Stanley Black & Decker Inc. agreed to buy Consolidated
Aerospace Manufacturing LLC for as much as $1.5 billion, with at
least part of the consideration contingent upon the Boeing 737 MAX
returning to service.
Stanley said $200 million of the purchase price for the
specialty-fasteners manufacturer will be held back and is
contingent on the Federal Aviation Administration allowing the MAX
to return to service and Boeing Co. achieving certain production
levels.
Regulators around the world grounded the MAX last year following
two crashes of the plane that resulted in the death of 346
people.
Bankers said the MAX crisis had stalled the frenetic pace of
deal making among companies supplying Boeing and Airbus SE, which
have a combined backlog of around 13,000 jetliners.
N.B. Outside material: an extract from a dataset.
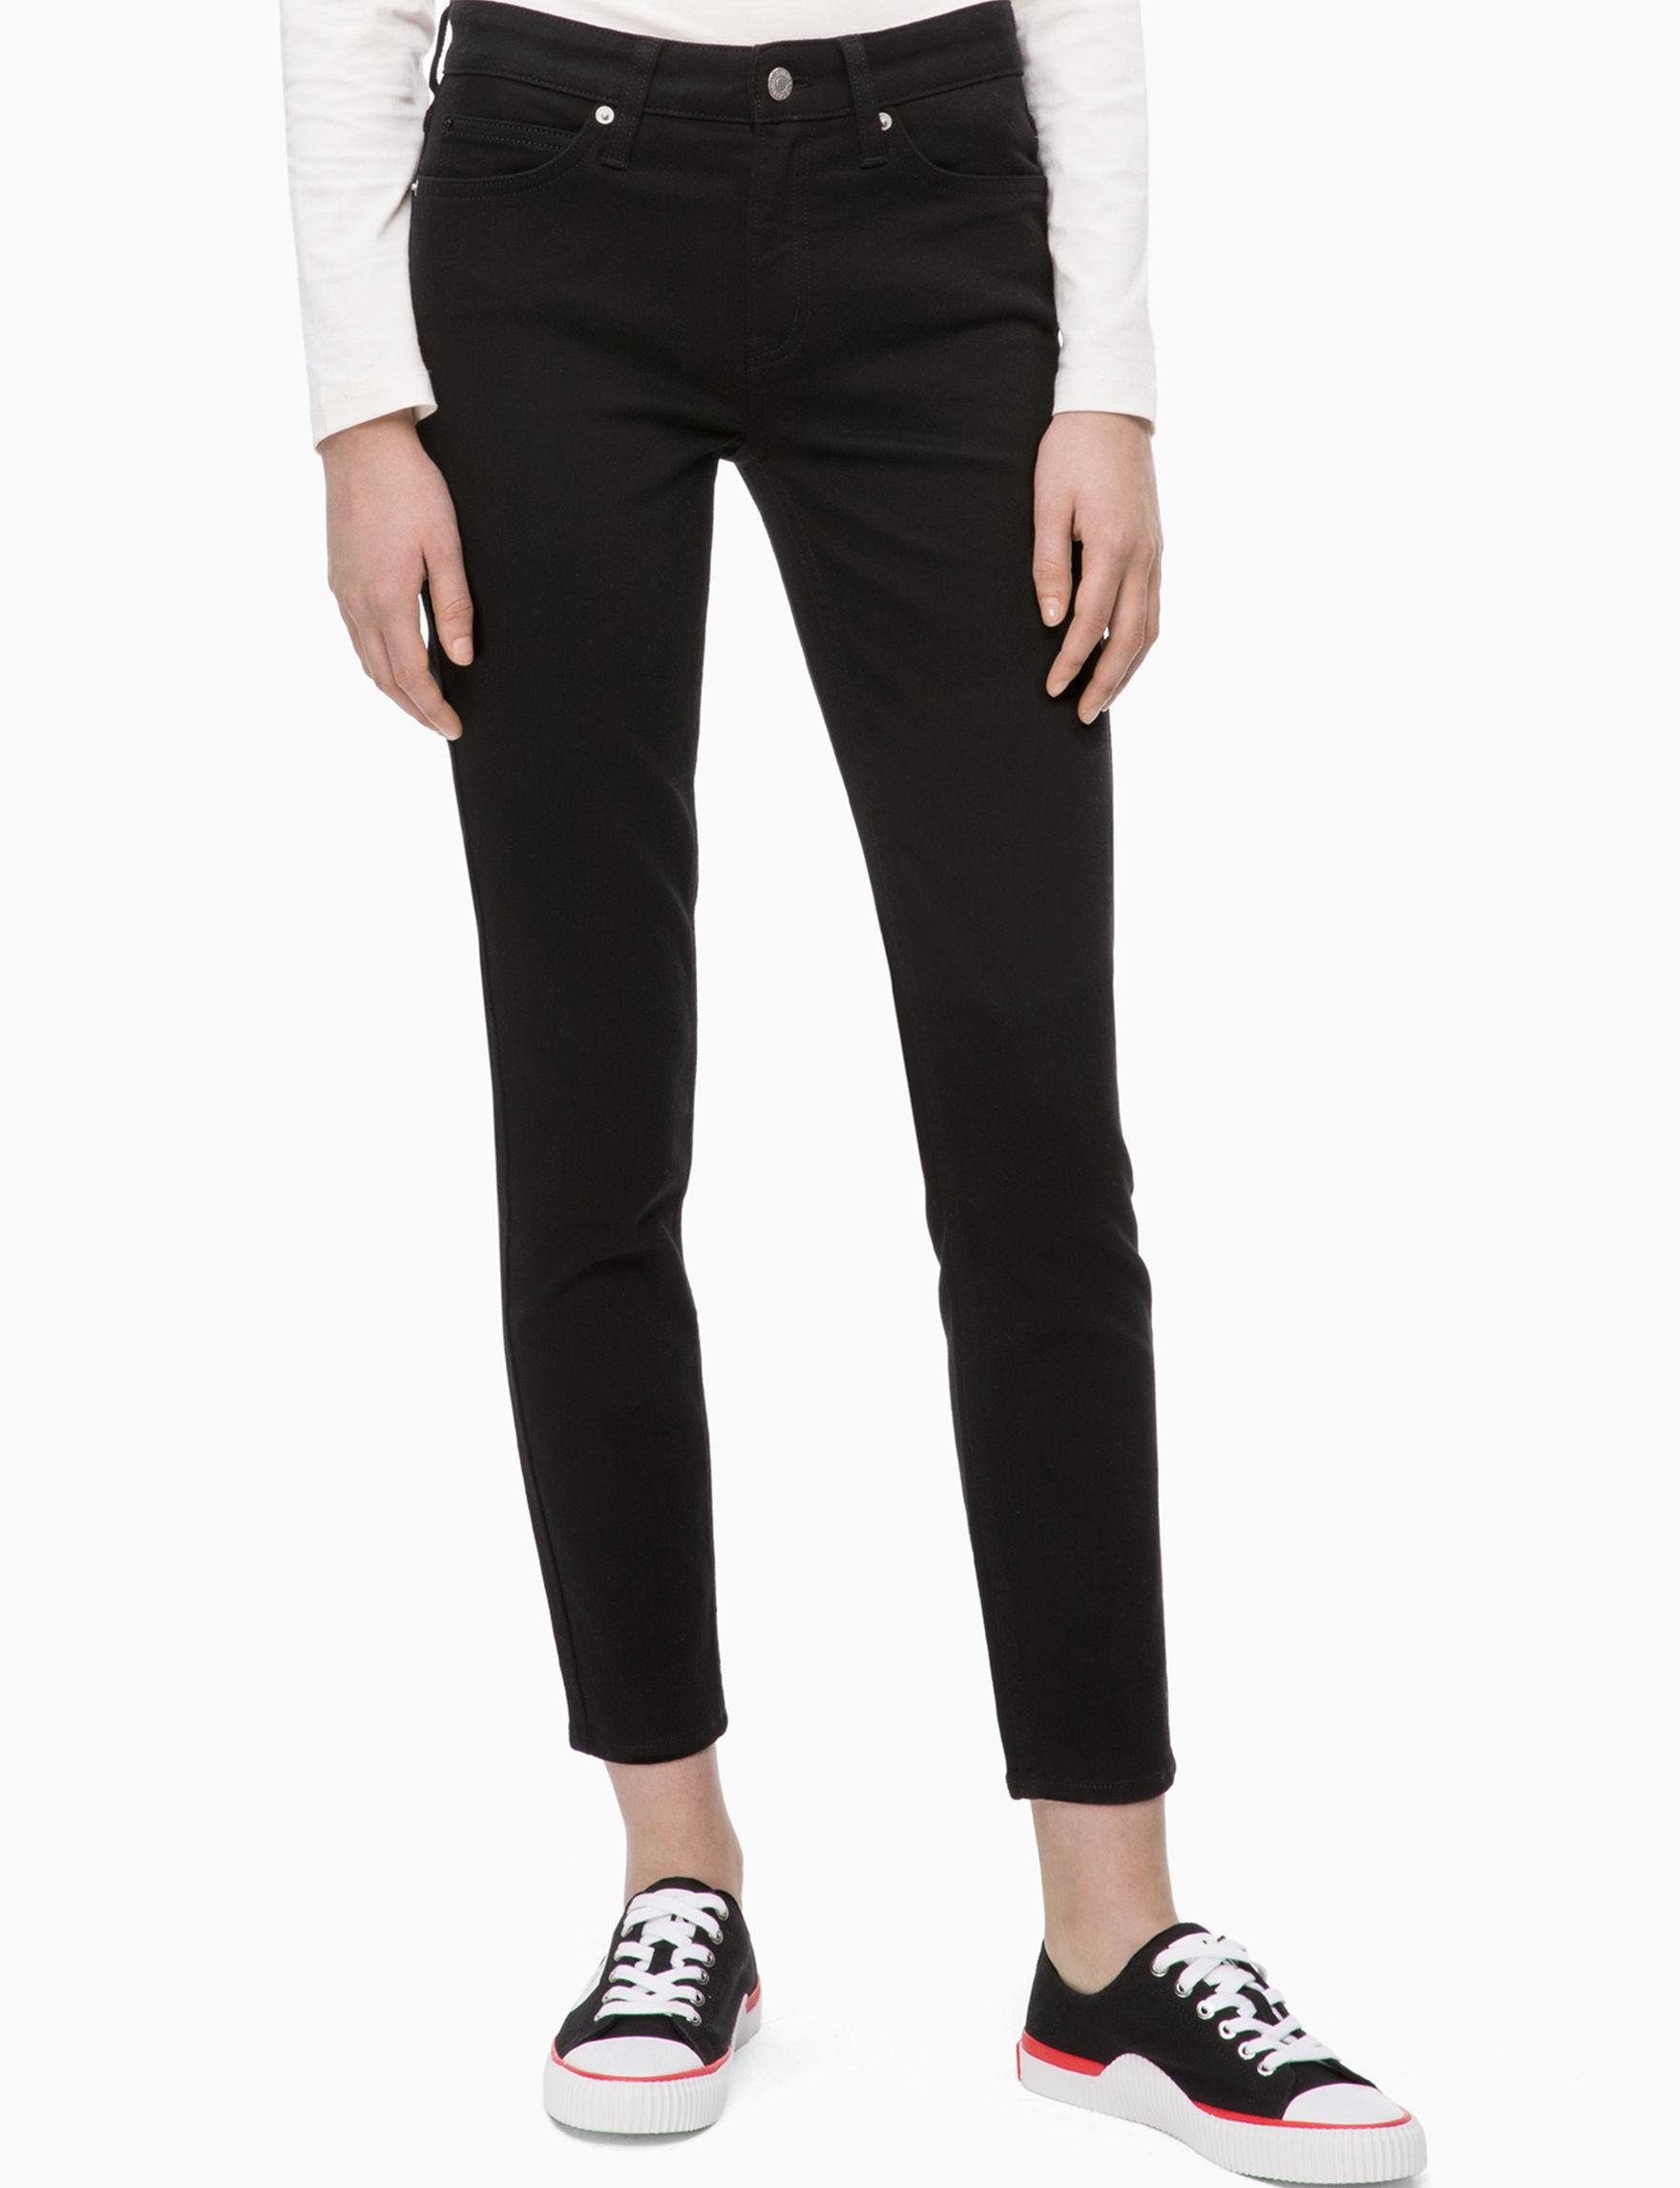 Calvin Klein Jeans Black Skinny

With MAX
production halted, valuation has become tougher, and many firms are
pivoting toward more work for Airbus and military products to
dilute their exposure to Boeing.
However, continuing industry consolidation also helps Boeing by
creating stronger suppliers better able to withstand the halt in
MAX output, said Chris Higgins, a principal at consultant Avascent
who advises on aerospace M&A.
The effects of the grounding have rippled through several
suppliers. Spirit AeroSystems Holdings Inc., one of the biggest
suppliers for the MAX, said earlier this month it was planning to
lay off 2,800 staffers given the uncertainty of MAX production.
Arconic Inc. said earlier this week it expected to lose $400
million in sales and could cut jobs this year as a result of the
halted production.
Consolidated Aerospace, which also makes components for the
defense markets, had roughly $375 million in revenue in the last
year. Stanley on Wednesday reported 2019 revenue of $14.44 billion,
with earnings of $3.99 a share.
Stanley said the deal could add between 30 cents and 40 cents a
share of earnings by its third year.